Patients staying in a hospital are at an increased risk of MRSA infections, as they come into contact with a wide number of people, which allows the bacteria to spread easily.
Some patients are also less able to fight off infections and are more susceptible to bacteria entering the skin or body through wounds, medical tubes, intravenous drips, or urinary catheters.
Symptoms of MRSA include redness, swelling, or pain in the skin, progressing to high temperature, dizziness, and confusion if the bacteria gets deeper into the body.
The disinfectants in question are often used to bathe patients in intensive care units, as well as to keep medical equipment clean. They can also be found in mouthwashes, albeit in lower amounts.
The study looked at disinfectant resistance in a Scottish intensive care unit. But, when analyzing bugs from around the world, the “same alarming trend” was discovered.
Dr. Hijazi explained the scale of the problem:
[MRSA] causes around 10 to 15 infections a month in individual intensive care units. The patients will come down with blood infections which are multi-drug resistant. But of course, patients in intensive care units are clearly more susceptible to infections.”
Dr. Karolin Hijazi, Lead Author
Professor Gould said, “Our research shows that in environments with a high concentration of disinfectant, this previously harmless bacteria can develop resistance to treatments commonly used to treat infection.
“This is potentially a very significant public health issue and highlights the importance of investigating how these bugs can become resistant to disinfectants.”
Dr.
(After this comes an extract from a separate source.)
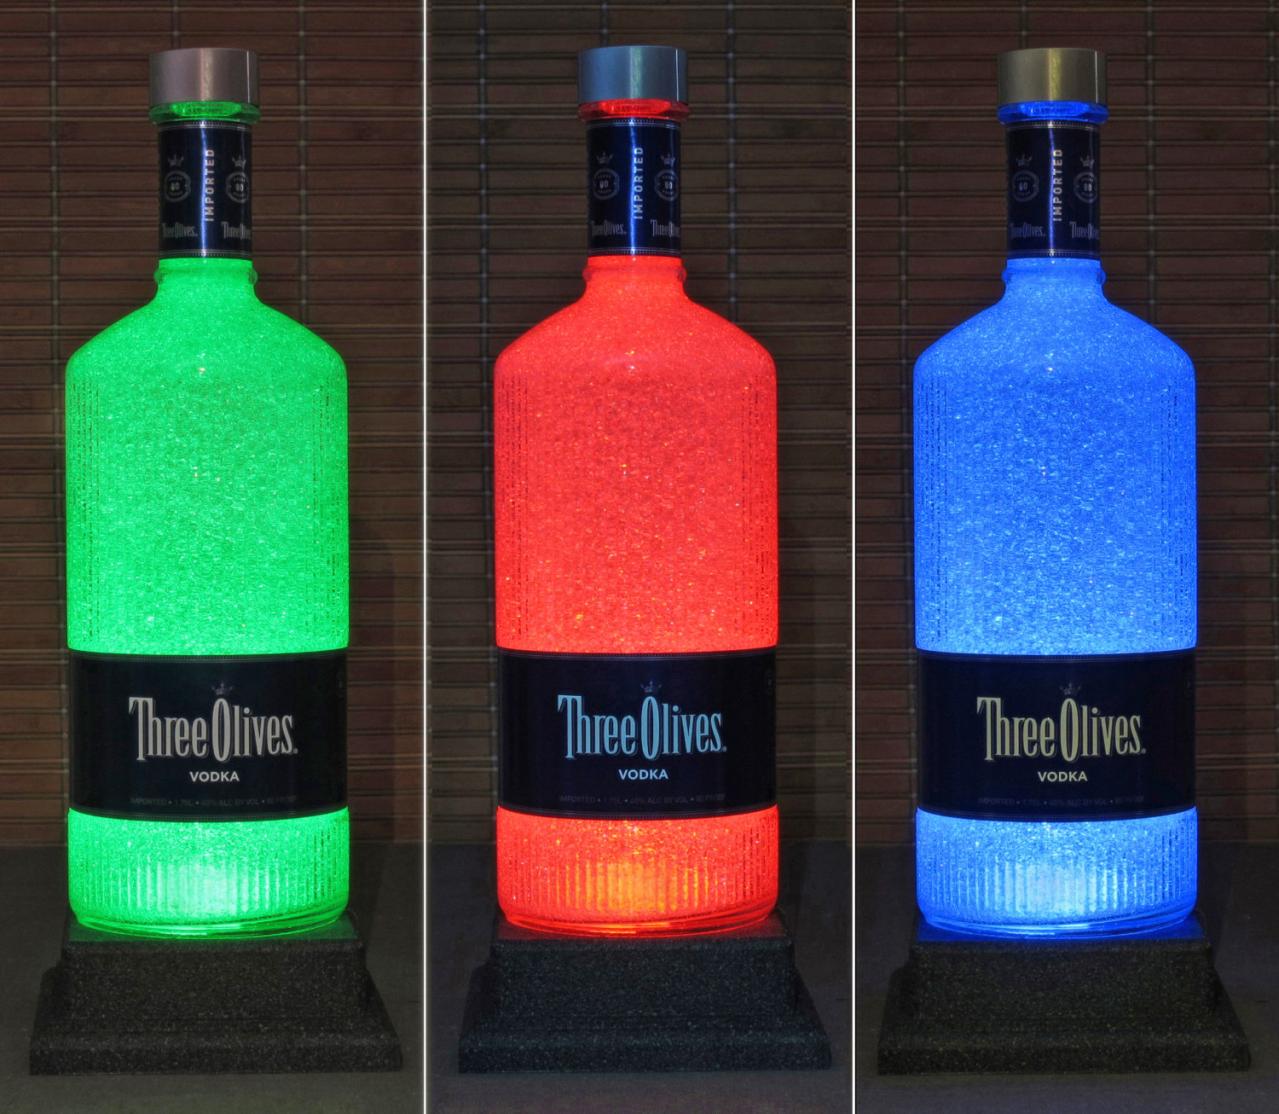 Three Olives English Vodka 1.75 Liter LED Color Change Bottle Lamp Remote Bar Light Man Cave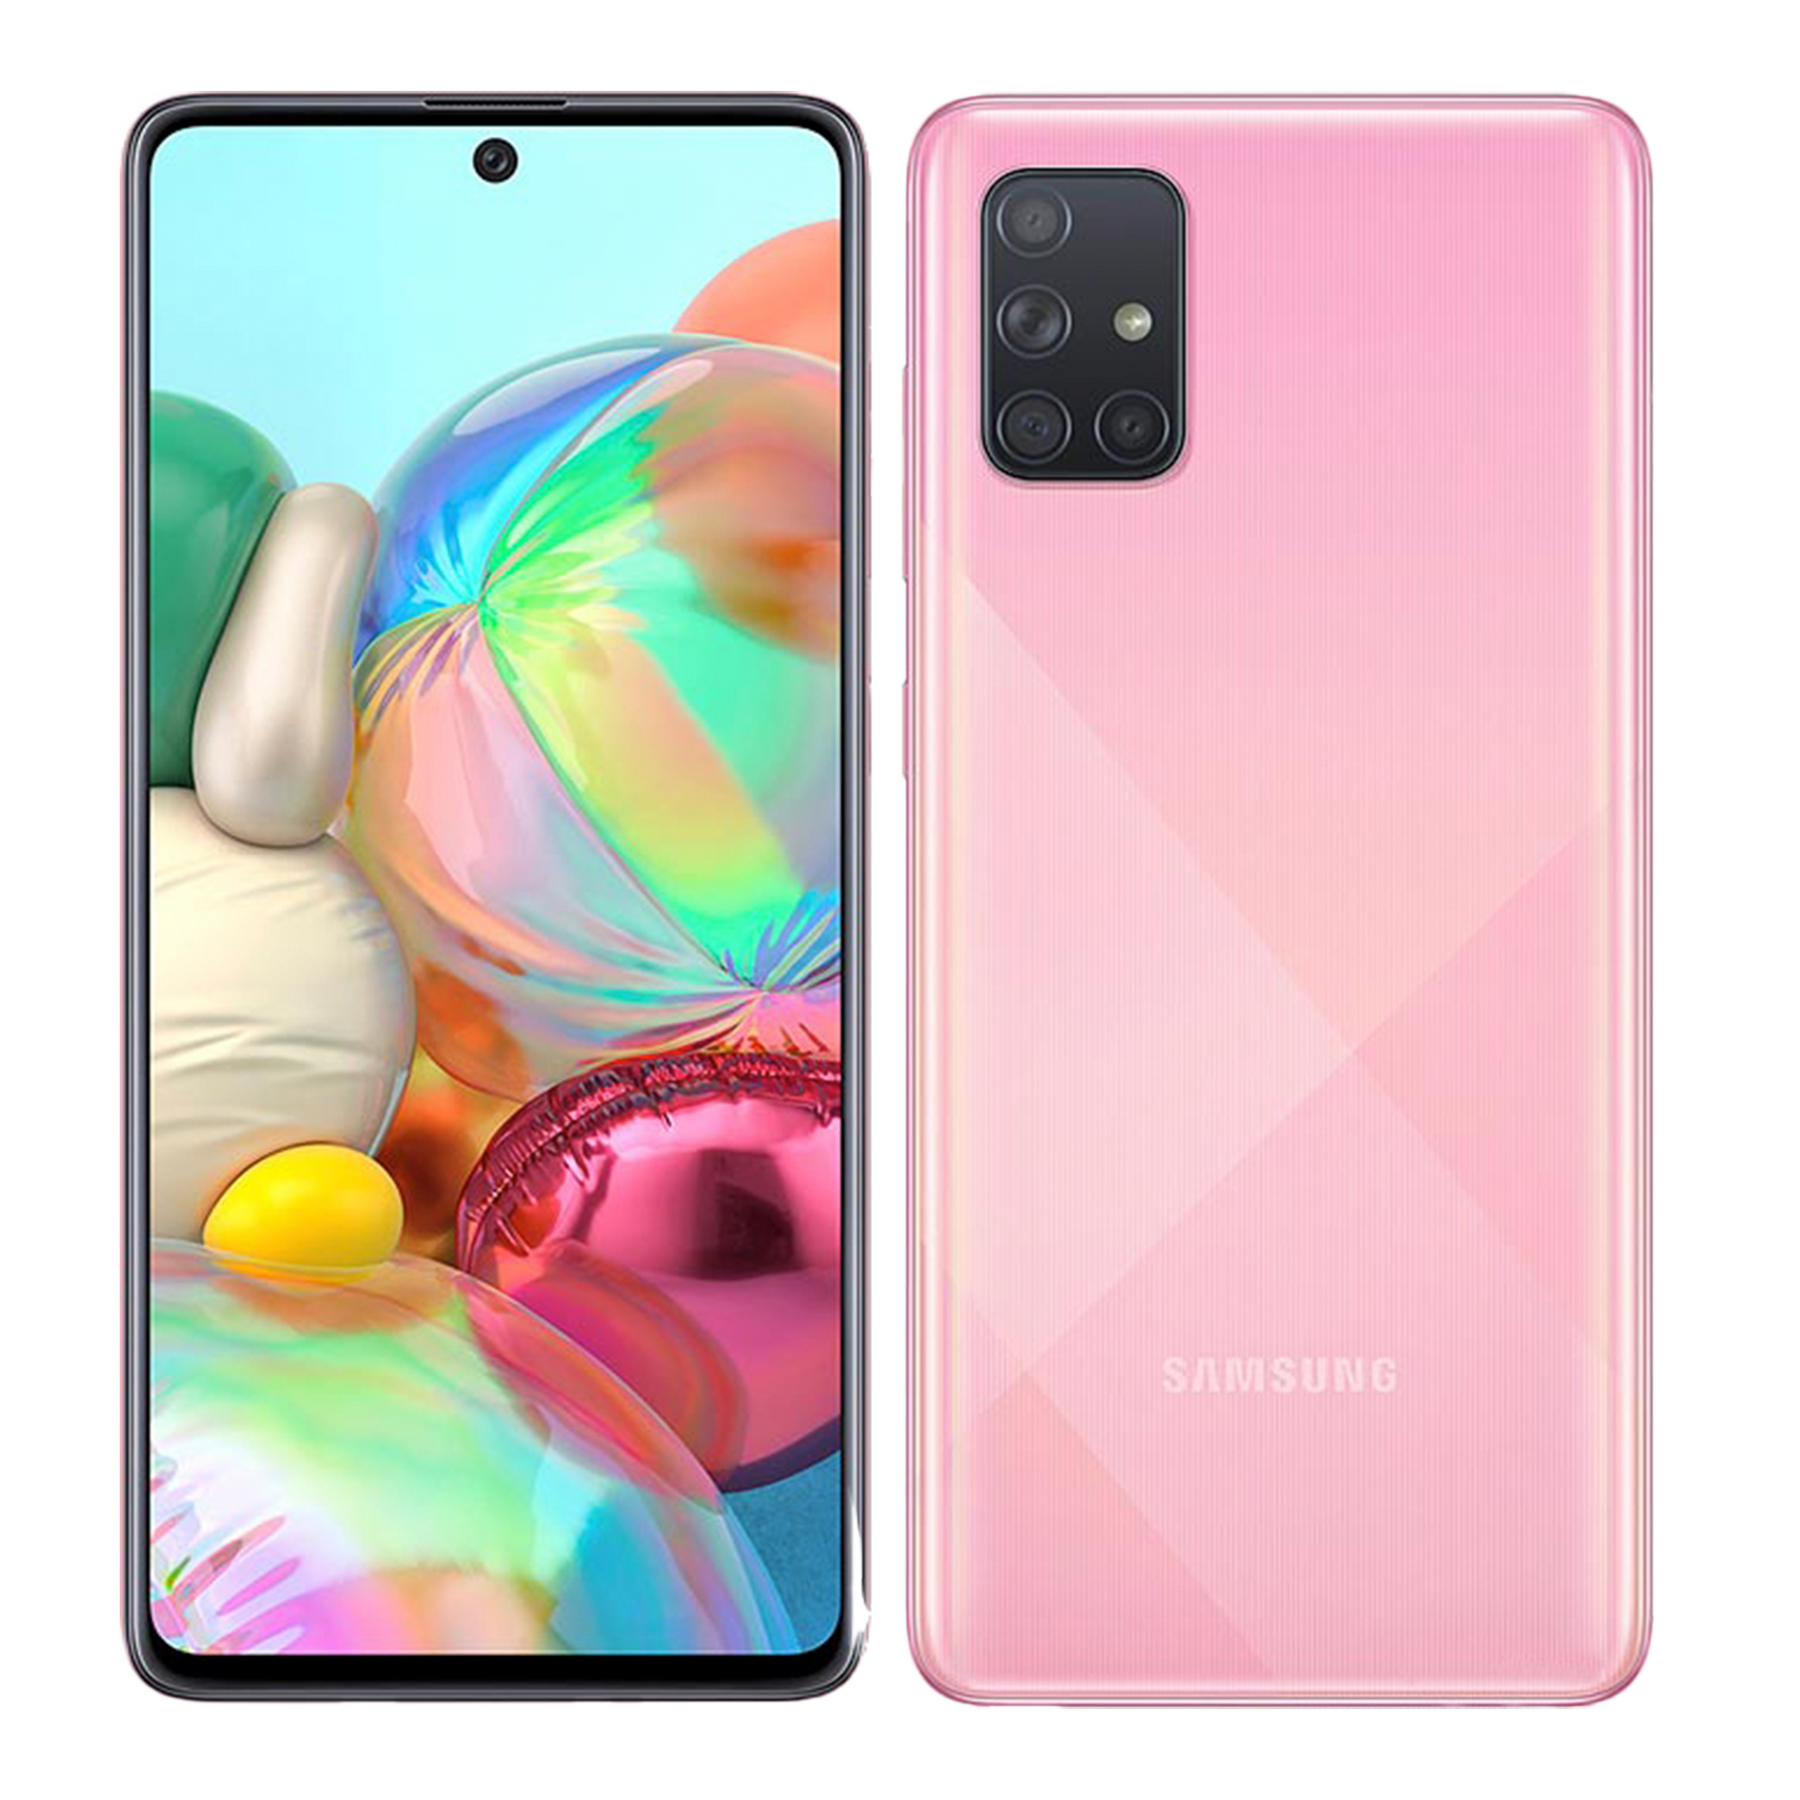 Samsung Galaxy A71 (2019)

Hijazi added, “Basically, we are saying that intensive use of the particular disinfectants used in hospitals can contribute to the prevalence of bugs that are resistant to most antibiotics commonly used to treat infections.”
Some hospitals, which include Aberdeen Royal Infirmary, opt for decontaminating all patients, while others, such as units in Edinburgh and Tayside, only decontaminate patients who are most at risk.
Dr. Hijazi deemed only decontaminating at risk patients the “more rational approach”, stating there is “certainly a higher risk” of increased infections if all patients are decontaminated.
The research does not suggest that these disinfectants should be banned in hospitals as they are necessary to stop other infections from breaking out. However, she adds that “perhaps there is merit” to moving on to using other disinfectants that are equally as safe and effective.
Further research could be carried out to determine the efficacy of other disinfectant products. Health Protection Scotland has welcomed the research and agrees with the study’s recommendation for additional analysis.
Dr. Hijazi also suggests changes to the regulation of disinfectant use. She said:
Our results suggest that we need to change the way we think about using disinfectants, particularly in the hospital setting. We are all aware of the problems associated with the overuse and misuse of antibiotics, and similarly, there is evidence that the use of disinfectant in hospitals should be regulated more strictly.”